Teng Haotian, Stoiber Marcus, Bar-Joseph Ziv, Kingsford Carl
Computational Biology Department, Carnegie Mellon Univeristy, Pittsburgh PA 15213, USA.
Oxford Nanopore Technologies.
bioRxiv. 2024 Jan 7:2024.01.06.574484. doi: 10.1101/2024.01.06.574484.
Direct nanopore-based RNA sequencing can be used to detect post-transcriptional base modifications, such as m6A methylation, based on the electric current signals produced by the distinct chemical structures of modified bases. A key challenge is the scarcity of adequate training data with known methylation modifications. We present Xron, a hybrid encoder-decoder framework that delivers a direct methylation-distinguishing basecaller by training on synthetic RNA data and immunoprecipitation-based experimental data in two steps. First, we generate data with more diverse modification combinations through in silico cross-linking. Second, we use this dataset to train an end-to-end neural network basecaller followed by fine-tuning on immunoprecipitation-based experimental data with label-smoothing. The trained neural network basecaller outperforms existing methylation detection methods on both read-level and site-level prediction scores. Xron is a standalone, end-to-end m6A-distinguishing basecaller capable of detecting methylated bases directly from raw sequencing signals, enabling de novo methylome assembly.

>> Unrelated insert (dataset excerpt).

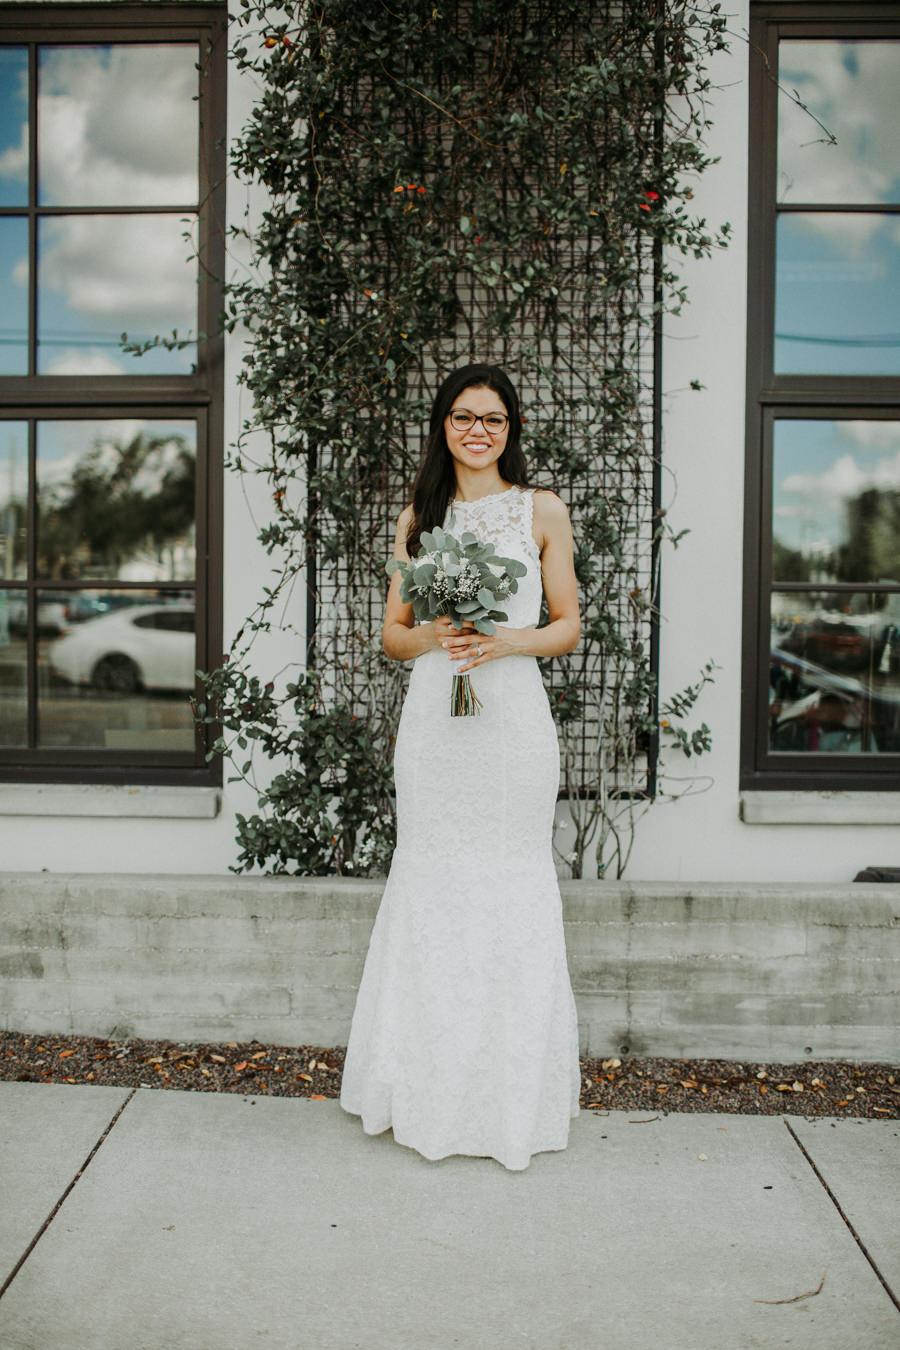 Tampa Heights Industrial Wedding at Cavu Emmy RJ-116.jpg
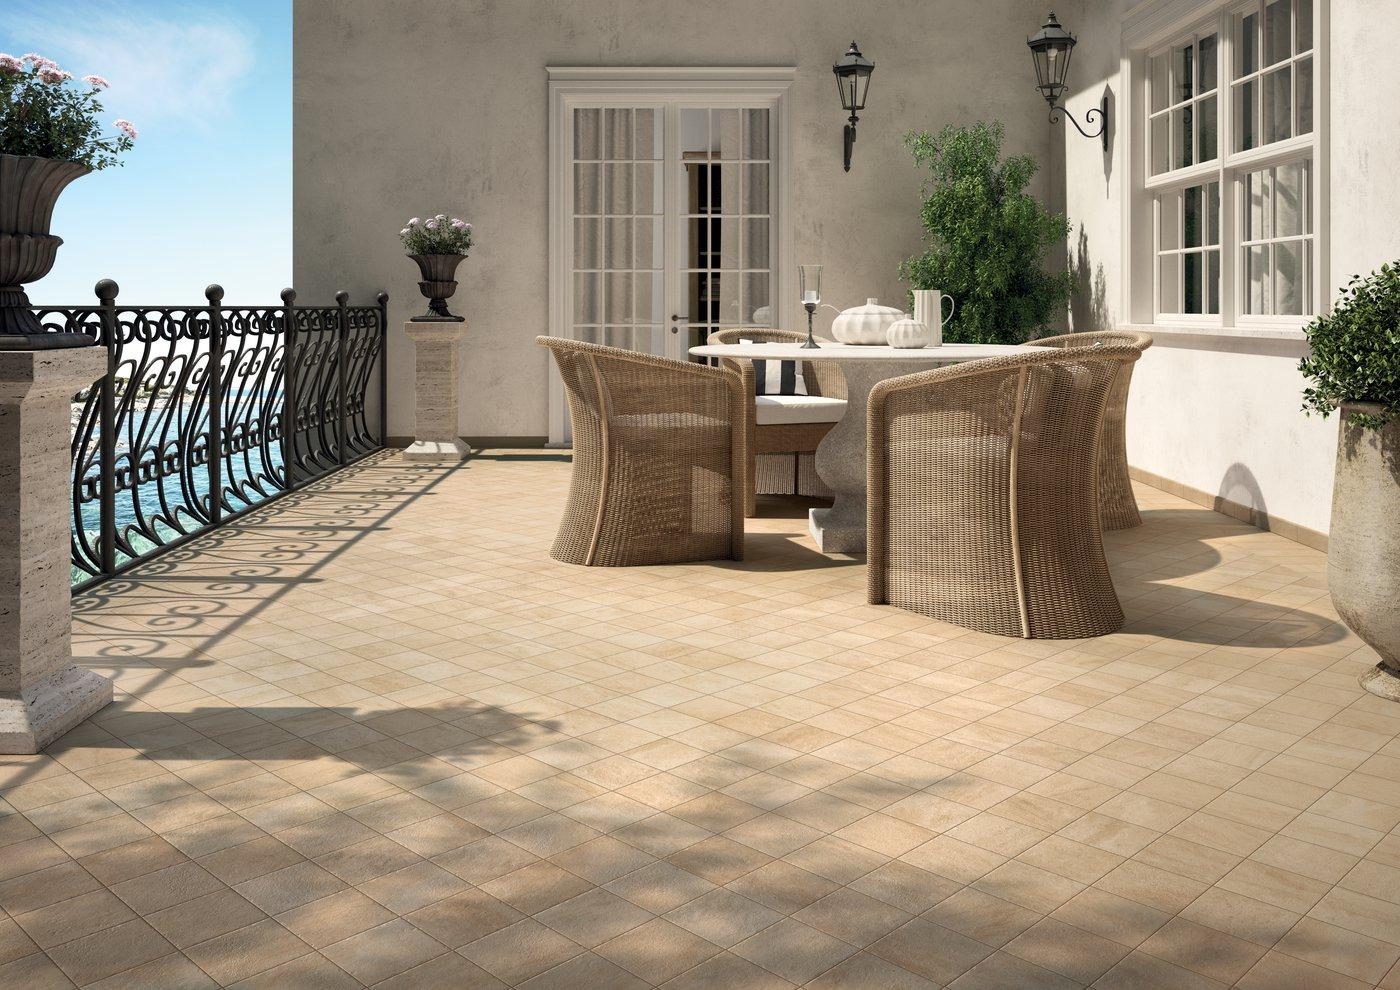 outdoor tiles, floor outdoor tiles, outdoor tiles bunnings, textured tiles, balcony tiles, pool coping tiles; pool tiles

基于纳米孔的直接RNA测序可用于检测转录后碱基修饰,如m6A甲基化,这是基于修饰碱基独特化学结构产生的电流信号。一个关键挑战是缺乏具有已知甲基化修饰的足够训练数据。我们提出了Xron,这是一种混合编码器-解码器框架,通过分两步对合成RNA数据和基于免疫沉淀的实验数据进行训练,提供了一种直接区分甲基化的碱基识别器。首先,我们通过计算机模拟交联生成具有更多样化修饰组合的数据。其次,我们使用该数据集训练一个端到端神经网络碱基识别器,然后对基于免疫沉淀的实验数据进行标签平滑微调。训练后的神经网络碱基识别器在读取级和位点级预测分数上均优于现有的甲基化检测方法。Xron是一个独立的、端到端的m6A区分碱基识别器,能够直接从原始测序信号中检测甲基化碱基,实现从头甲基化组组装。